Access After Deployment
| Service | URL | Login |
|---|---|---|
| Grafana | https://grafana.ouranos.helu.ca | Casdoor SSO or local admin |
| PgAdmin | https://pgadmin.ouranos.helu.ca | Casdoor SSO or local admin |
| Prometheus | https://prometheus.ouranos.helu.ca | Casdoor SSO |
| Alertmanager | https://alertmanager.ouranos.helu.ca | No auth (internal) |
Troubleshooting
Service Status
ssh prospero.incus
sudo systemctl status prometheus grafana-server loki prometheus-alertmanager pgadmin oauth2-proxy-prometheus
HAProxy Service
ssh prospero.incus
sudo systemctl status haproxy
sudo journalctl -u haproxy -f
View Logs
# All PPLG services via journal
sudo journalctl -u prometheus -u grafana-server -u loki -u prometheus-alertmanager -u pgadmin -u oauth2-proxy-prometheus -f
# HAProxy logs (shipped via syslog to Alloy → Loki)

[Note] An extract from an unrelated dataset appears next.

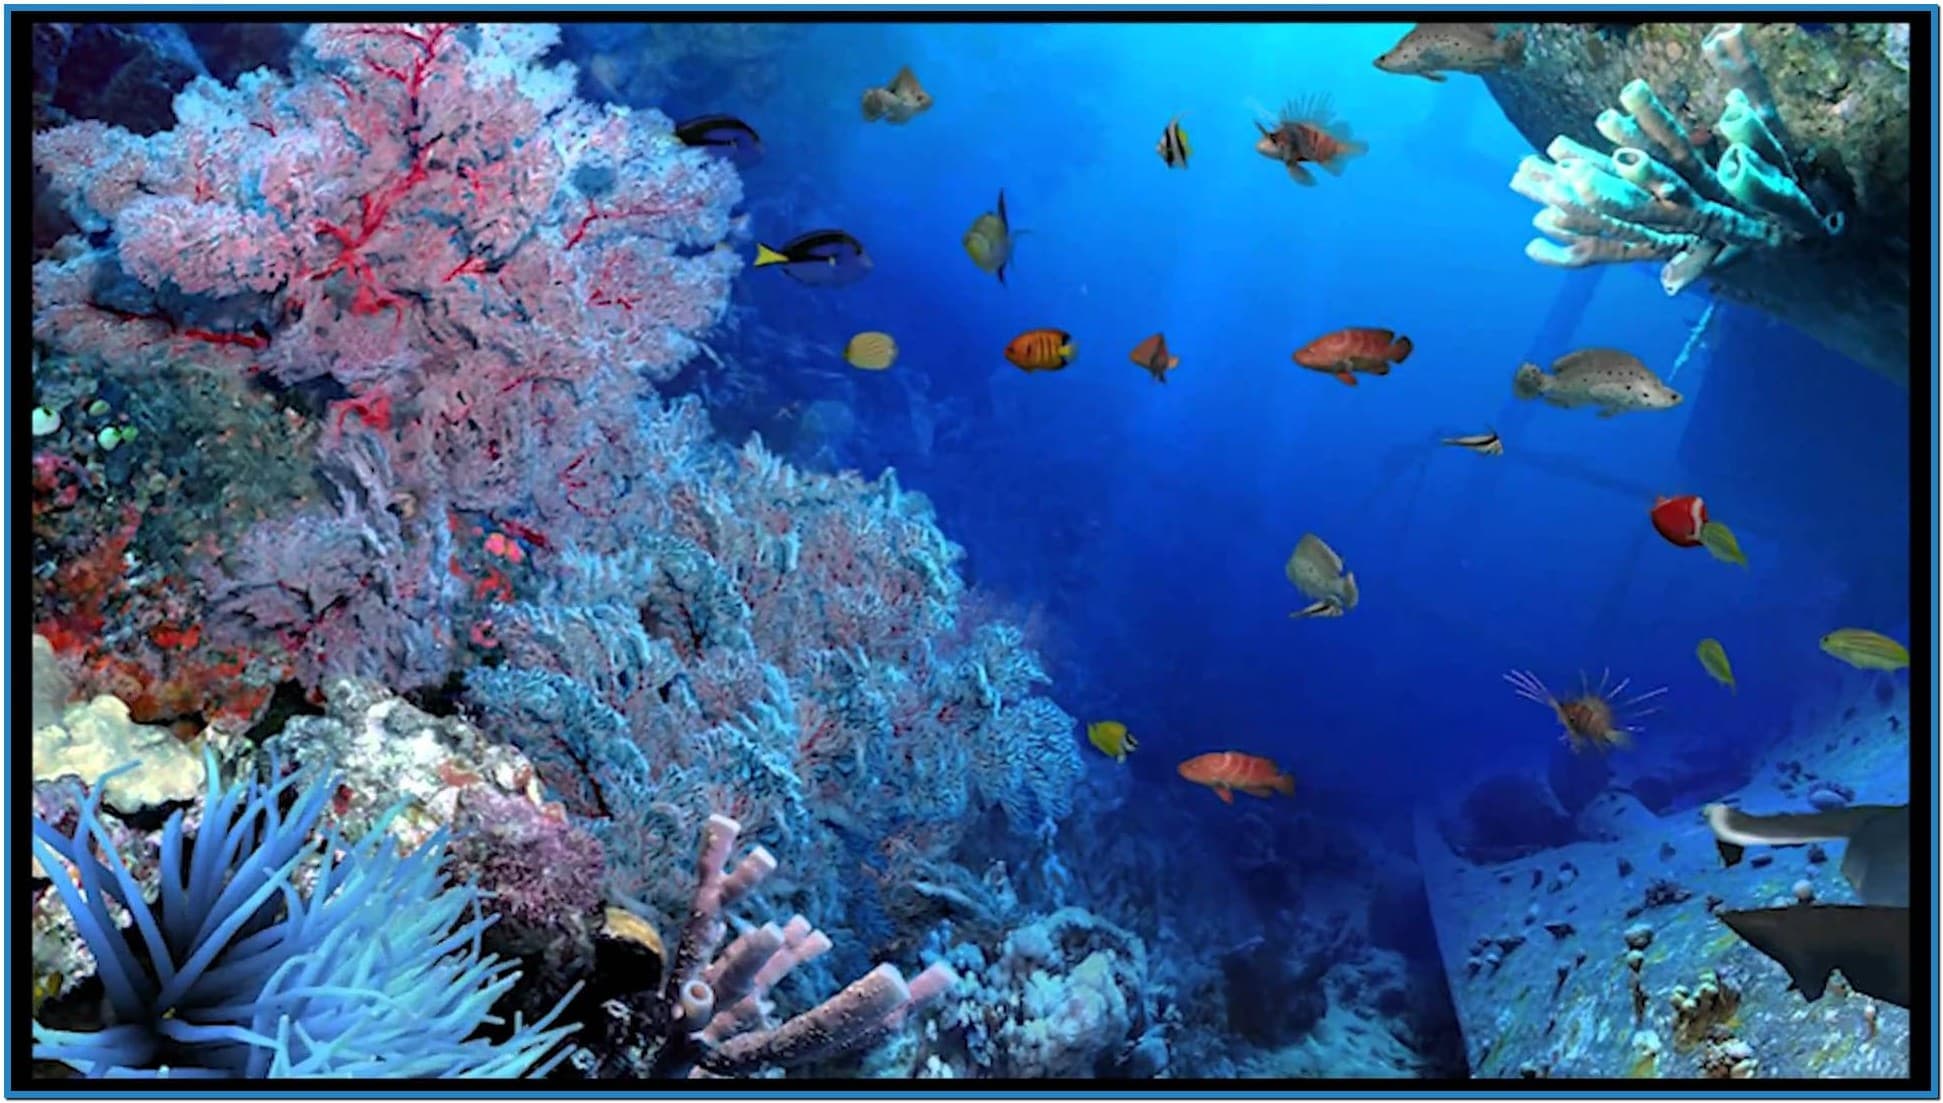 Aquareal 3d sea aquarium screensaver   Download free

# Query in Grafana: {job="pplg-haproxy"}
Test Endpoints (from Prospero)
# Grafana
curl -s http://127.0.0.1:3000/api/health
# PgAdmin
curl -s http://127.0.0.1:5050/misc/ping
# Prometheus
curl -s http://127.0.0.1:9090/-/healthy
# Loki
curl -s http://127.0.0.1:3100/ready
# Alertmanager
curl -s http://127.0.0.1:9093/-/healthy
# HAProxy stats
curl -s http://127.0.0.1:8404/metrics | head
Test TLS (from any host)
# Direct to Prospero container
curl -sk https://prospero.incus/api/health
# Via Titania HAProxy
curl -s https://grafana.ouranos.helu.ca/api/health
Common Errors
vault_casdoor_prometheus_access_key is undefined
TASK [Template prometheus.yml]
[ERROR]: 'vault_casdoor_prometheus_access_key' is undefined
Cause: The Casdoor metrics scrape job in prometheus.yml.j2 requires access credentials.

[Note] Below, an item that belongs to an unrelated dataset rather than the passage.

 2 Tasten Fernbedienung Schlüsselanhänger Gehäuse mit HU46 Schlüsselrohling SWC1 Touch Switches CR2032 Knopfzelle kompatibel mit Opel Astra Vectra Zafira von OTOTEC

Fix: Generate API keys for the built-in/admin Casdoor user (see Casdoor Prometheus Access Key for the full procedure), then add to vault:
cd ansible
ansible-vault edit inventory/group_vars/all/vault.yml
vault_casdoor_prometheus_access_key: "your-casdoor-access-key"
vault_casdoor_prometheus_access_secret: "your-casdoor-access-secret"
Certificate fetch fails
Cause: Titania not running or certbot hasn't provisioned the cert yet.
Fix: Ensure Titania is up and certbot has run:
ansible-playbook sandbox_up.yml
ansible-playbook certbot/deploy.yml
The playbook falls back to a self-signed certificate if Titania is unavailable.
OAuth2 redirect loops
Cause: Casdoor application redirect URI doesn't match the service URL.
Fix: Verify redirect URIs match exactly:
- Grafana:
https://grafana.ouranos.helu.ca/login/generic_oauth - PgAdmin:
https://pgadmin.ouranos.helu.ca/oauth2/redirect - Prometheus:
https://prometheus.ouranos.helu.ca/oauth2/callback
Migration Notes
PPLG replaces the following standalone playbooks (kept as reference):
| Original Playbook | Replaced By |
|---|---|
prometheus/deploy.yml |
pplg/deploy.yml |
prometheus/alertmanager_deploy.yml |
pplg/deploy.yml |
loki/deploy.yml |
pplg/deploy.yml |
grafana/deploy.yml |
pplg/deploy.yml |
pgadmin/deploy.yml |
pplg/deploy.yml |
PgAdmin was previously hosted on Portia (port 25555). It now runs on Prospero via gunicorn (no Apache).